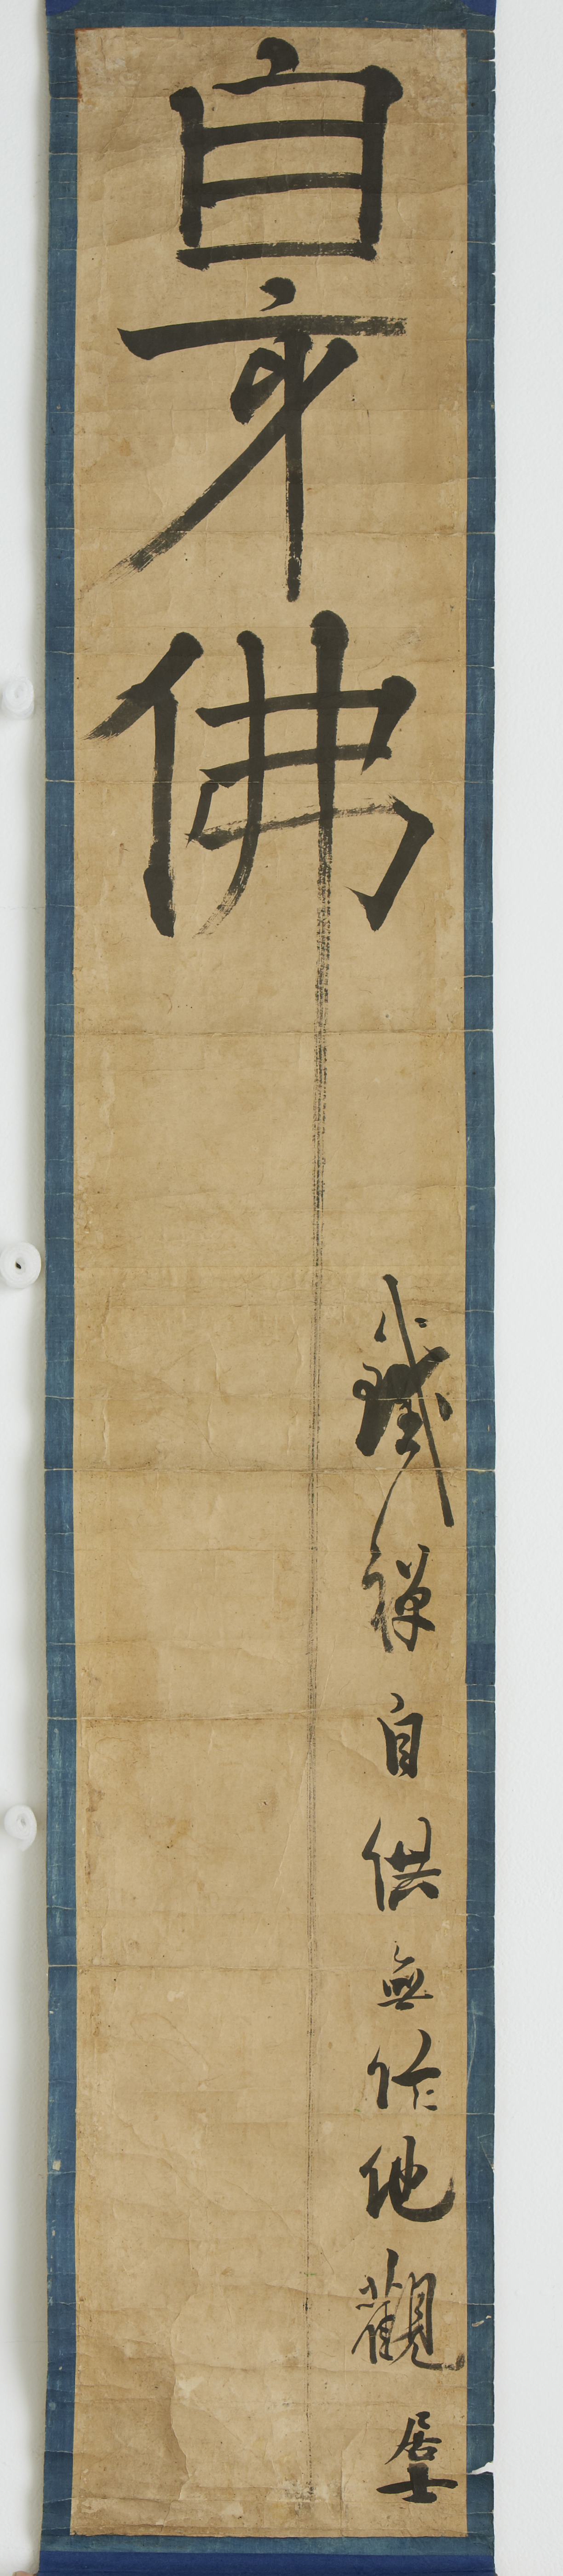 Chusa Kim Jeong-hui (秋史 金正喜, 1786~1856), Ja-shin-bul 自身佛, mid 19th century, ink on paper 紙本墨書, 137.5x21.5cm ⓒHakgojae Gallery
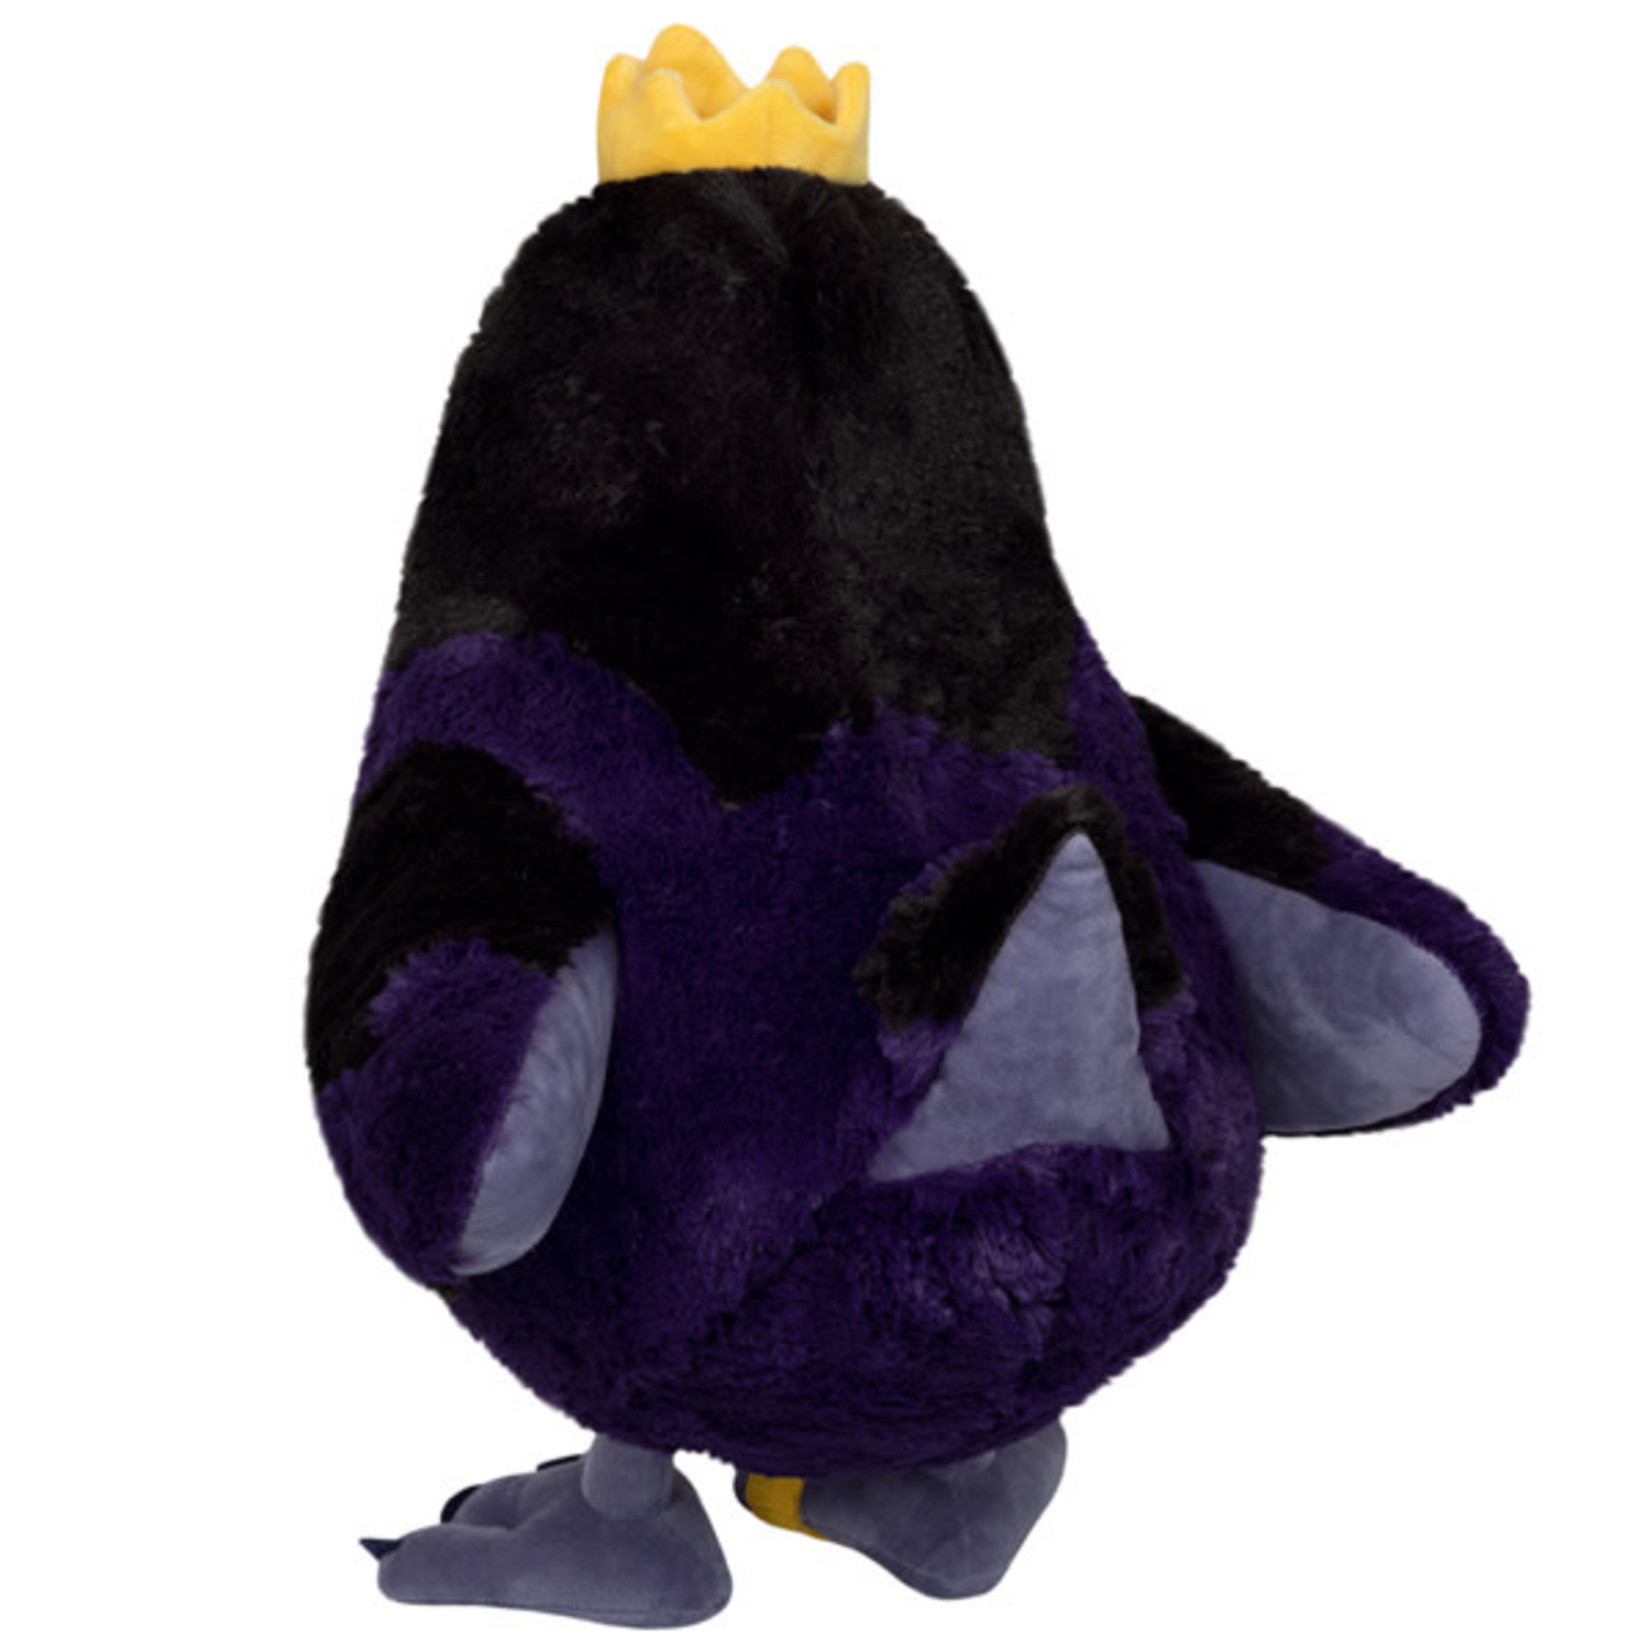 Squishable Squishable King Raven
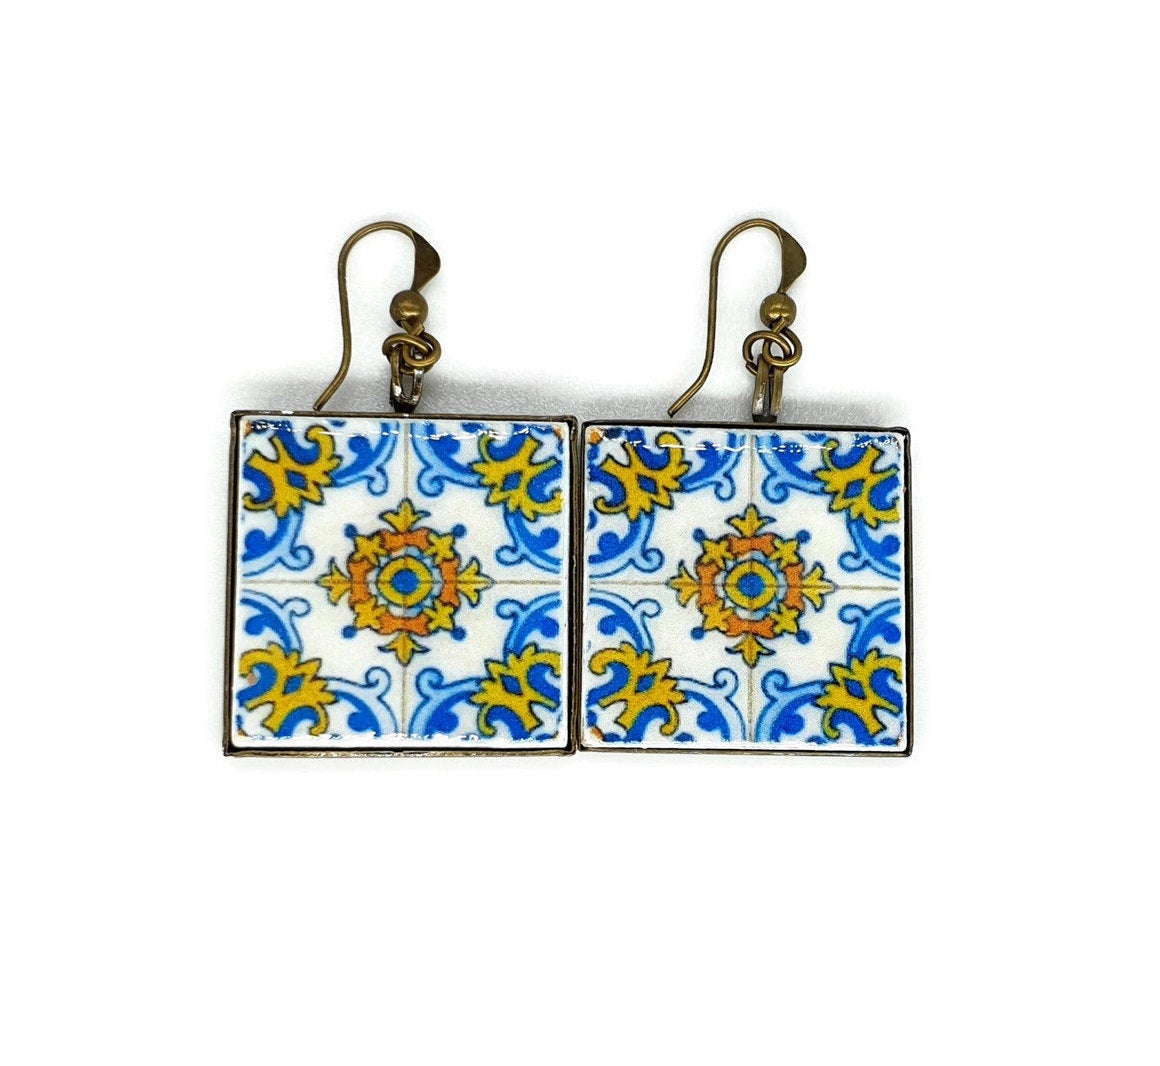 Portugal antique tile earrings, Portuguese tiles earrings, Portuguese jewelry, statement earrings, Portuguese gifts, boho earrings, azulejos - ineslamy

━━━━━━━━━━━━━━━━━━━━

* **TASK ITEM**
Word for word, return the material above, but drop the pictures.

* **ANSWER TO THIS TASK**
 Chusa Kim Jeong-hui (秋史 金正喜, 1786~1856), Ja-shin-bul 自身佛, mid 19th century, ink on paper 紙本墨書, 137.5x21.5cm ⓒHakgojae Gallery
 Squishable Squishable King Raven
 Portugal antique tile earrings, Portuguese tiles earrings, Portuguese jewelry, statement earrings, Portuguese gifts, boho earrings, azulejos - ineslamy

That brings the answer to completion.